**The records**:
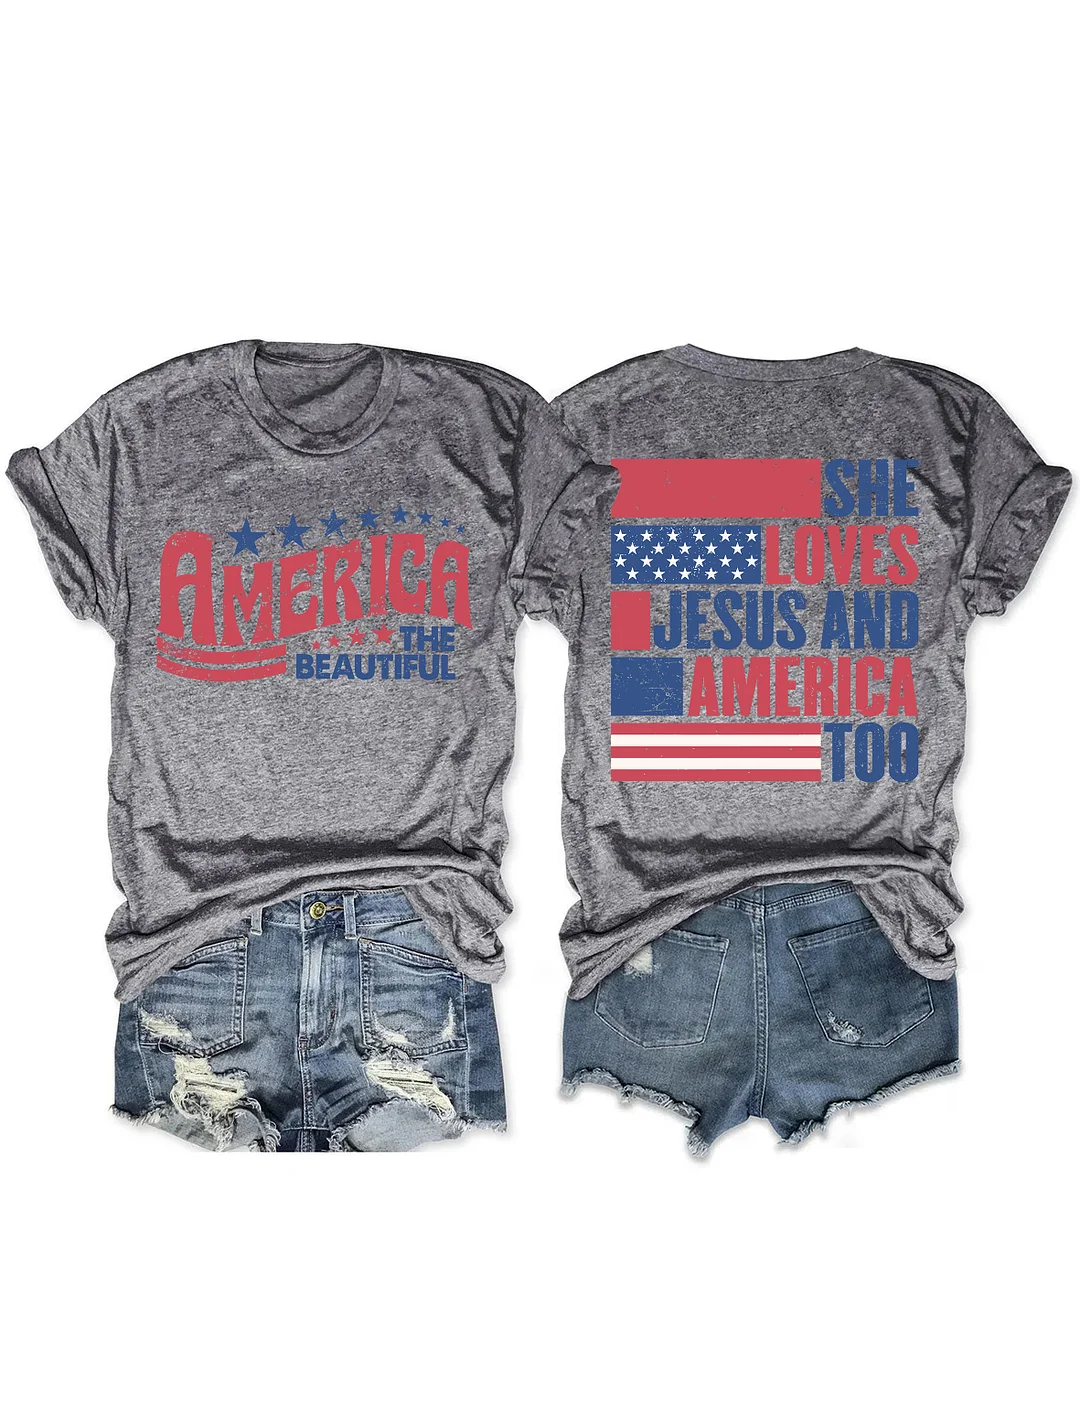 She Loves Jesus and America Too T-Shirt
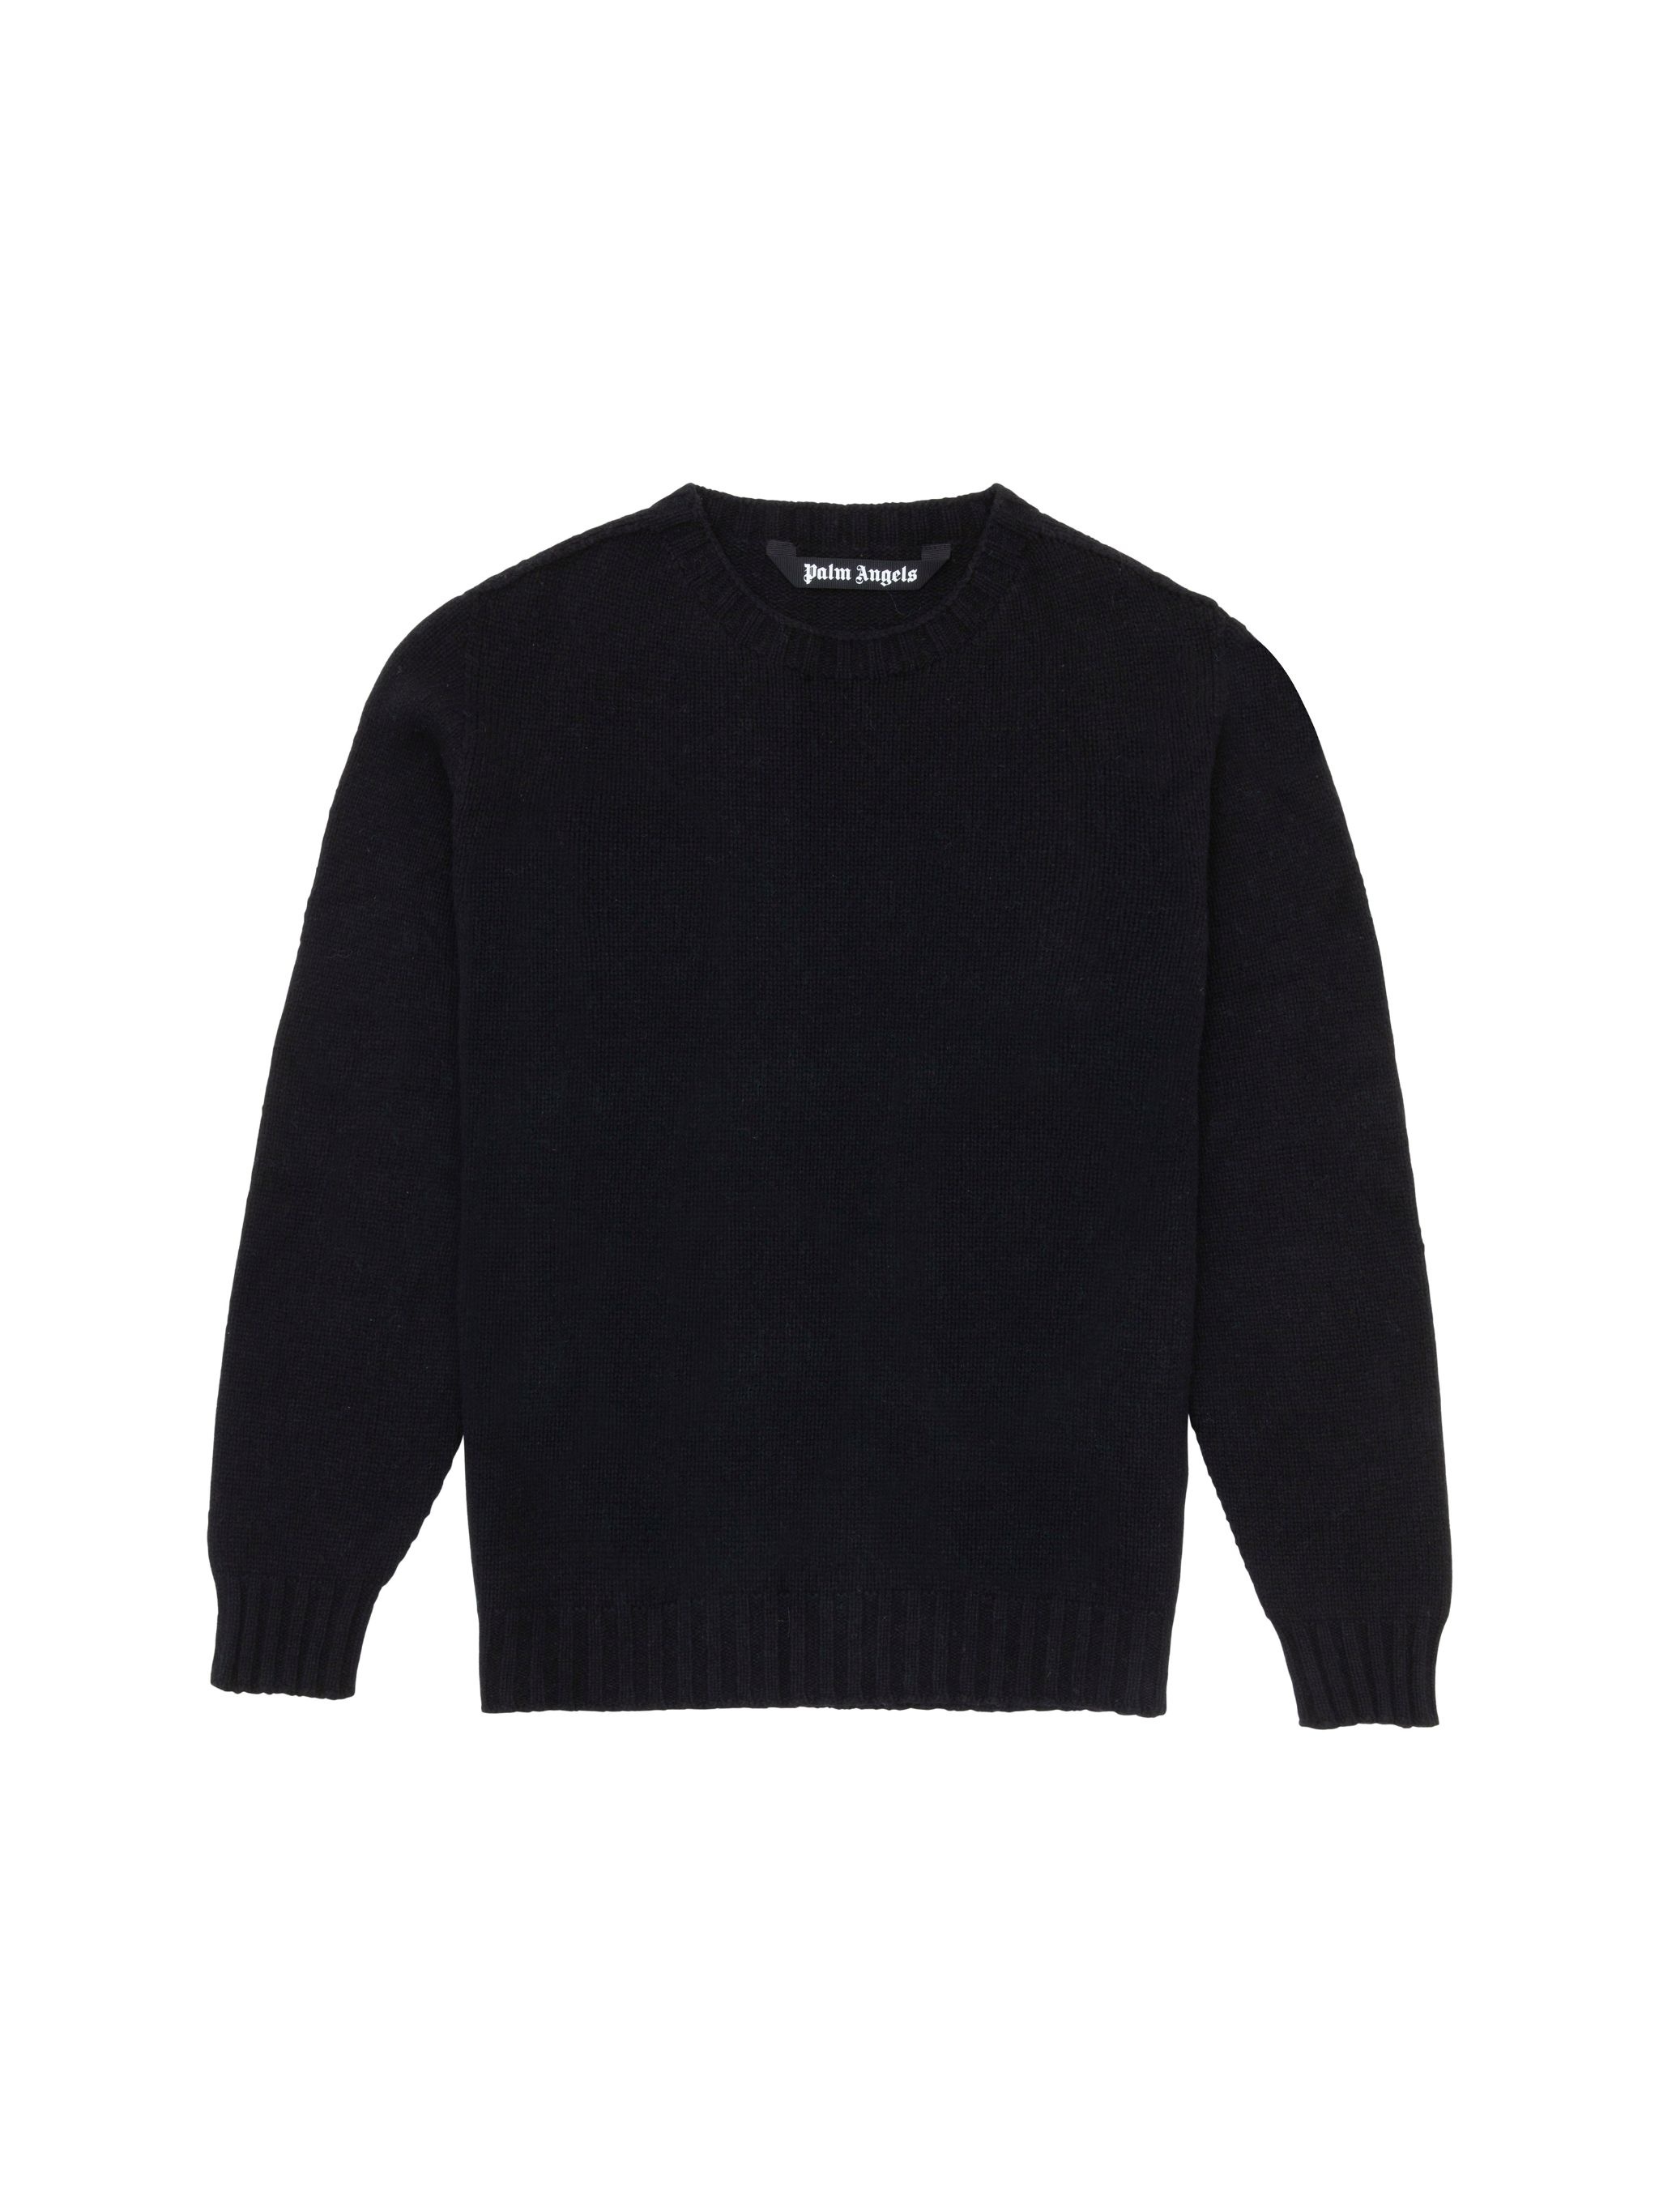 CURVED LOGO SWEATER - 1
==
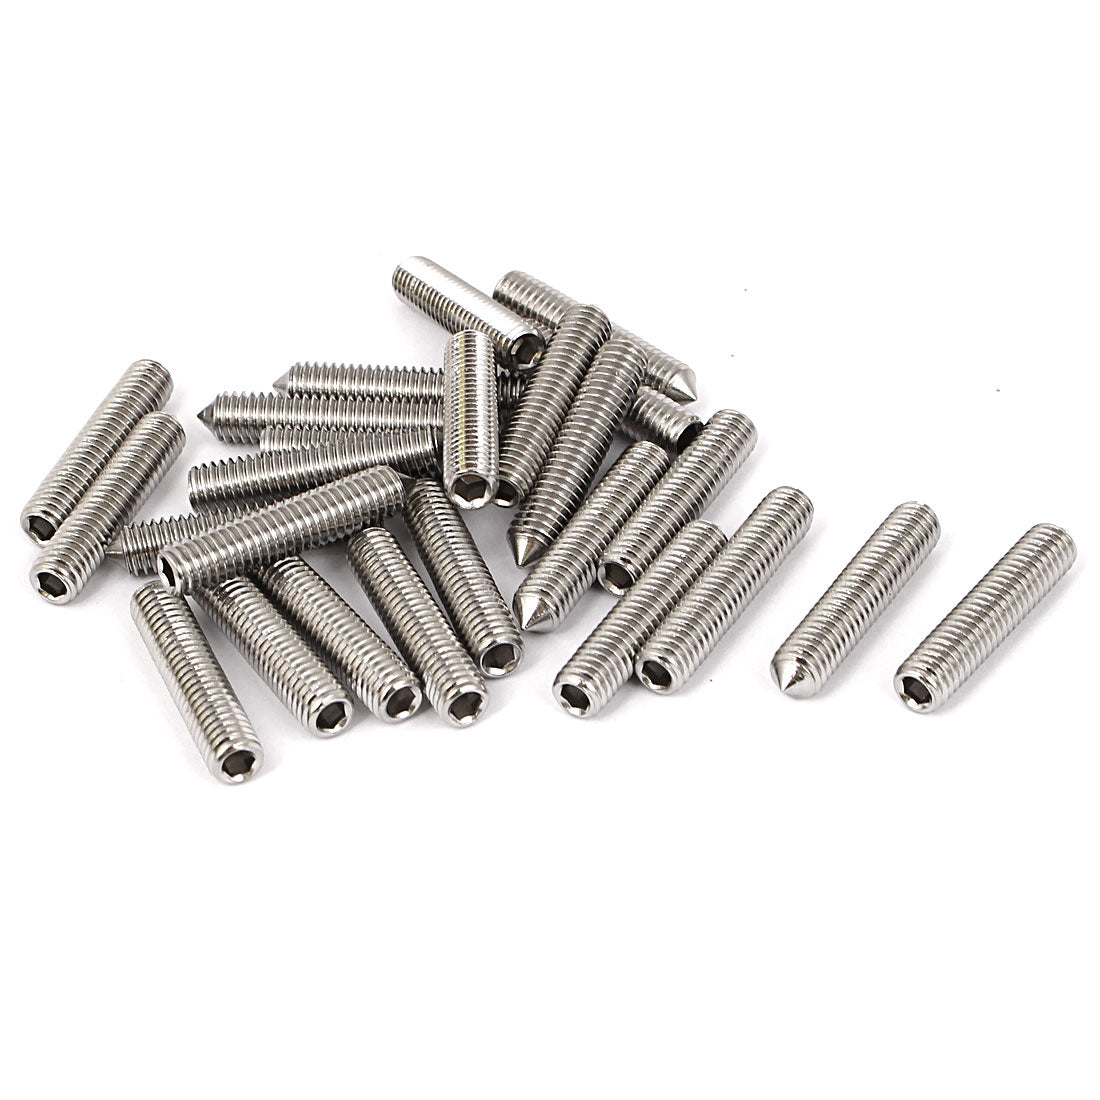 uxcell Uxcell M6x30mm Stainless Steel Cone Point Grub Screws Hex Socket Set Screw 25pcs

**Task instructions**: Set down word for word the lines above from the one with "She Loves Jesus and America Too T-Shirt" up to and including the one with "CURVED LOGO SWEATER - 1". Omit every picture.

**Written reply**:
 She Loves Jesus and America Too T-Shirt
 CURVED LOGO SWEATER - 1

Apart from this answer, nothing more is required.